KNIGHTS OF JERUSALEM: THE CRUSADING ORDER OF HOSPITALLERS, 1100-1565
DAVID NICOLLE
OSPREY PUBLISHERS, 2008
HARDCOVER, 224 PAGES, $25.95, APPENDICES, GLOSSARY, ILLUSTRATIONS
To some they were the "Chosen Knights of Christ"; to others, they were simply "pirates bearing crosses," the Knights Hospitaller (also known as the Sovereign Military Hospitaller Order of St. John of Jerusalem of Rhodes and Malta, Order of St. John, Knights of Malta, and Chevaliers of Malta; French: Ordre des Hospitaliers) was a Christian organization that began as an Amalfitan hospital founded in Jerusalem in 1018 to provide care for poor, sick, or injured pilgrims to the Holy Land. After the Western Christian conquest of Jerusalem in 1099 during the First Crusade, it became a religious/military order under its own charter, and was charged with the care and defense of the Holy Land. The Hospitallers evolved into one of the great military forces of the Crusades, fighting the Islamic enemy alongside their brothers and rivals, the Templers. After the fall of the Holy Land, the Order moved to Rhodes and pursued a naval crusade, regarded by the Ottomans and Venetians as simple high-seas pirates. Eventually they wound up on Malta, where they remained for more than 250 years, surviving the famous great siege of 1565, until finally ousted by Napoleon in 1798. When the Knights ceased to be associated with any one place, it gave rise to successors in existence until the present including the Sovereign Order of Malta.

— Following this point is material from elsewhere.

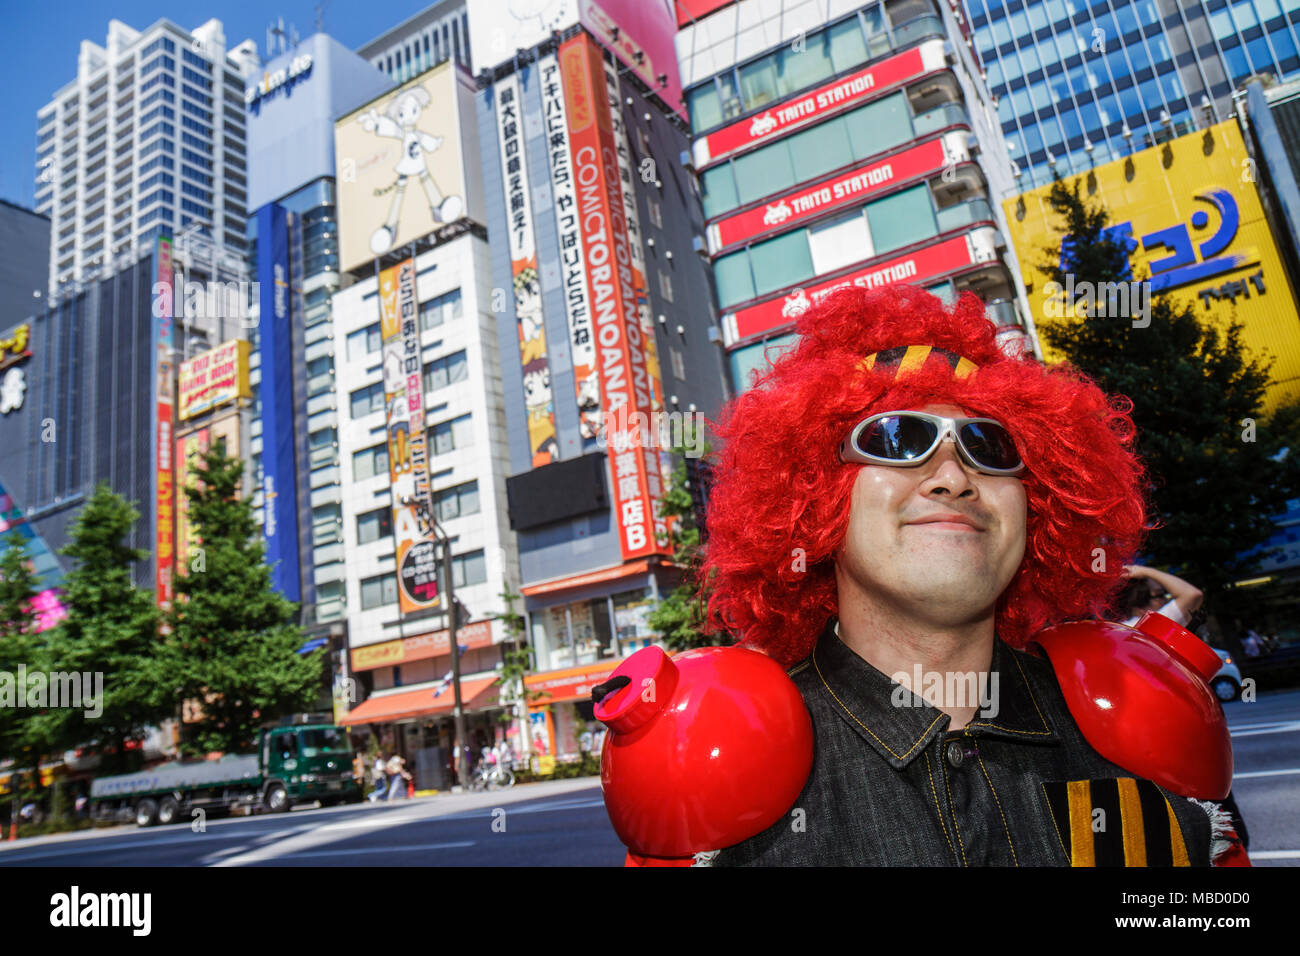 Tokyo Japon,Akihabara,Electric Town,Chuo Dori Street,kanji,japonais anglais,asiatique Oriental,homme hommes adultes,cosplay,jeu de costume,tenue,rouge W Banque D'Images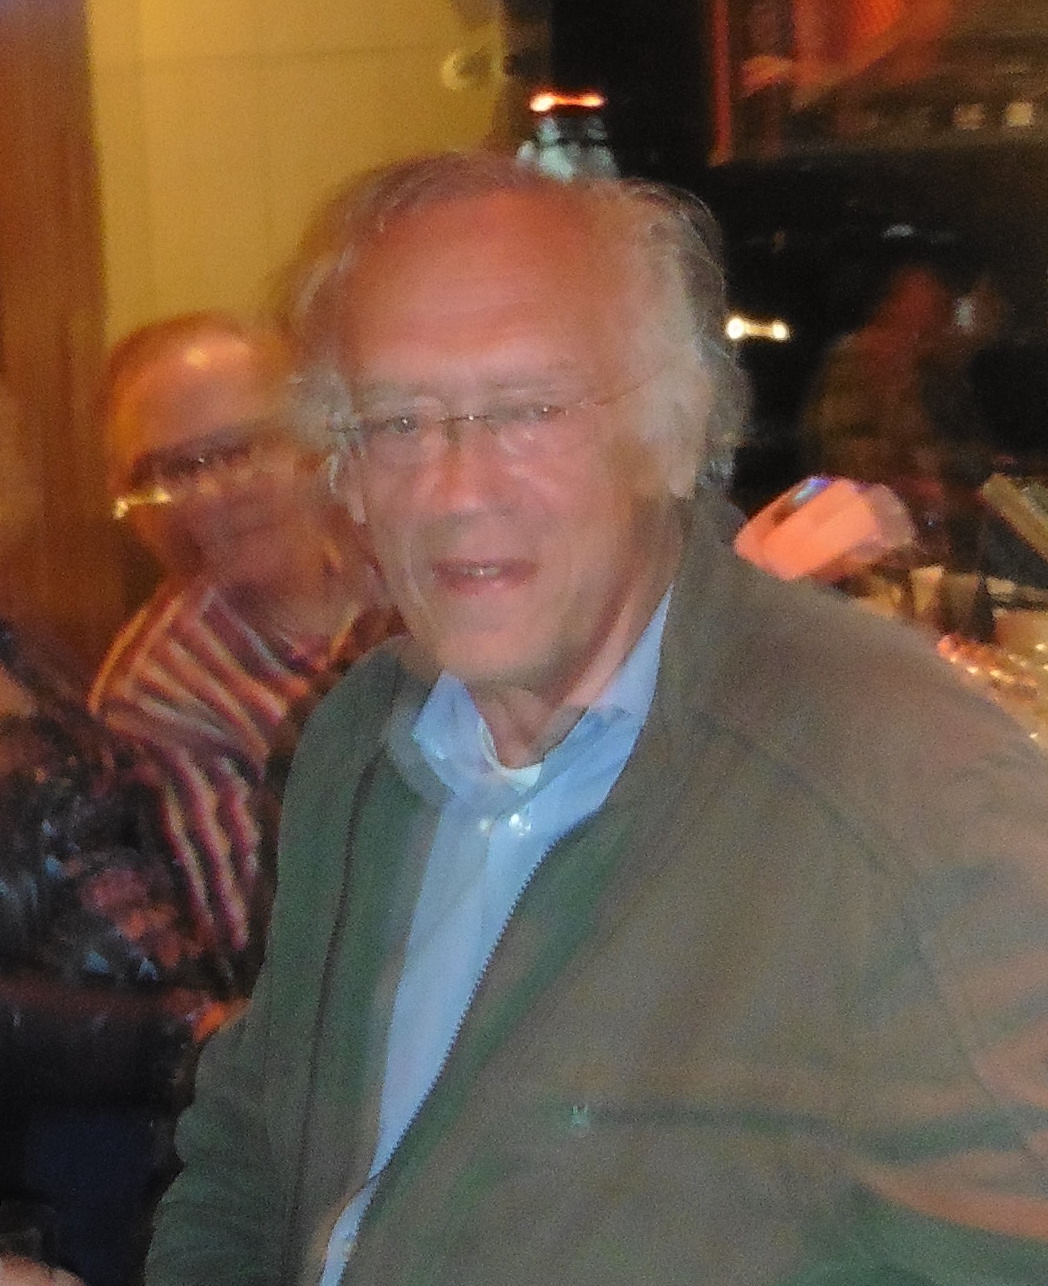 Don Linszen in Arti op Prinsjesdag 2016 na de Olofspoort borrl

The KNIGHTS OF JERUSALEM: THE CRUSADING ORDER OF HOSPITALLERS, 1100-1565 immerses the reader in the lives of these holy warriors, not only giving a history of the order, but delving into their techniques for recruitment and training, and even their battlefield tactics. This book is intended as an introduction to the Order for academics working in other fields, as well as the interested general reader. It also considers the Order's activities away from the frontiers of Christendom: its economic activities and its relations with patrons and rulers throughout Europe, as well as its hospital work and its religious life. It's a fascinating story, and KNIGHTS OF JERUSALEM: THE CRUSADING ORDER OF HOSPITALLERS 1100-1565 wraps it up with a satisfying epilogue: the Hospitallers have survived to this day as a charitable order, having returned to their original mission: caring for the sick.